さて、私が吸血鬼ということはやはり伏せたがいいのかを再確認しておこうというのもあって八木を探すついでに、昨日はそこまでできなかった校内探検と洒落こんであちこちぷらぷらしていると、校舎の外、校門へと続く道で緑谷くんと爆豪くんが何かを話しているのが聞こえた。緑谷くんは普通だけれど、どうも爆豪くんのほうが感情的になっているようだ。今日の戦闘訓練のことで間違いないだろうなあと思いながらも私には関係ないので歩みを進めていると、少年たちの中にオールマイトまで合流していた。爆豪くんのフォローだろうか、教師って大変ね。

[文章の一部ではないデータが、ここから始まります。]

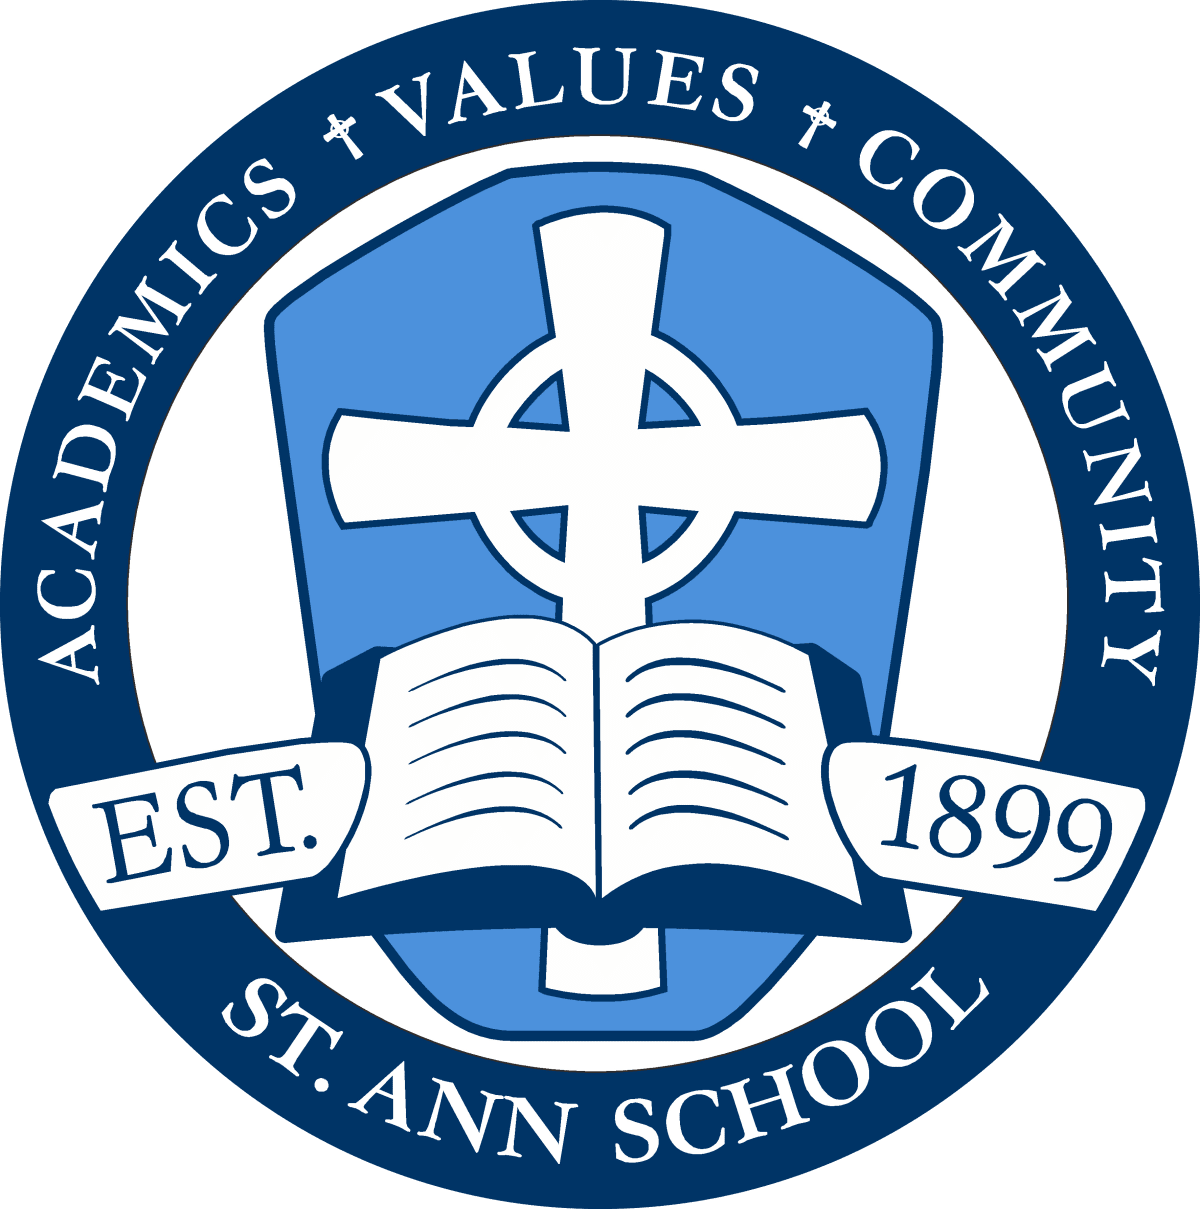 St. Ann School - Logo

さっさと通り過ぎようと校門近くを歩いていると、ザッと足音がして思わず振り向いた。
どうやら話し終えたらしい爆豪くんがそこには立っていて、見開いた目尻に涙が光っているのが見えてしまった。
「え、泣い」
「てねえわ!!!ぶっ殺すぞ!!!!!」
いや勢い。目をさらにかっ開いて爆豪くんが怒鳴って、口から出かけた言葉をスンと飲み込んだ。
校門には私の方が近いので、彼が帰るには私のそばを通らなければいけない。
一応クラスメイトではあるけれど、ドンマイなんて声を掛けたらそれこそ彼のたっかいプライドが許さないだろう。これはまあ、黙ってお互い通り過ぎるのが一番かも。
そう思って、「おつかれさま、また明日ね」と声をかけるだけかけて足を動かしたところで、「テメェ」と口を開いた。
「私はテメェなんて名前じゃありません」
「うっせぇわ。飄々としやがって」
「え、慰めて欲しいの?」
「ちげえよ!!!」
「じゃあなによ」
「お前ひとり、余裕ぶっこいてんじゃねえよ」
は?
「いや、待って、私負けたんだけれど」
「でも本気じゃねえだろうが」
「……轟くんと相性が悪いのは本当よ」
「余裕なのは否定しねえのな」
「余裕では、ないと思うわ」
何の力も持たない人間相手ではないから、正直難しい。今までは一方的にやり込めたけれど、この世界では恐らくそうはいかない。ただ、治癒能力の高さと死なないというのは私の圧倒的強みだ。
足の鎖も切ろうと思えば切れただろうし、手足を凍らされて床に伏した時も、暴れればもしかしたら動けたかもしれない。あくまで、可能性の話だ。
「恐らく、場数と死線の違いよ。所謂経験値ね」
「アァ?」
にっこり。
これ以上話す必要もない。無言で笑みを浮かべると、チィッと盛大な舌打ちをして彼は私の前を通り過ぎて行った。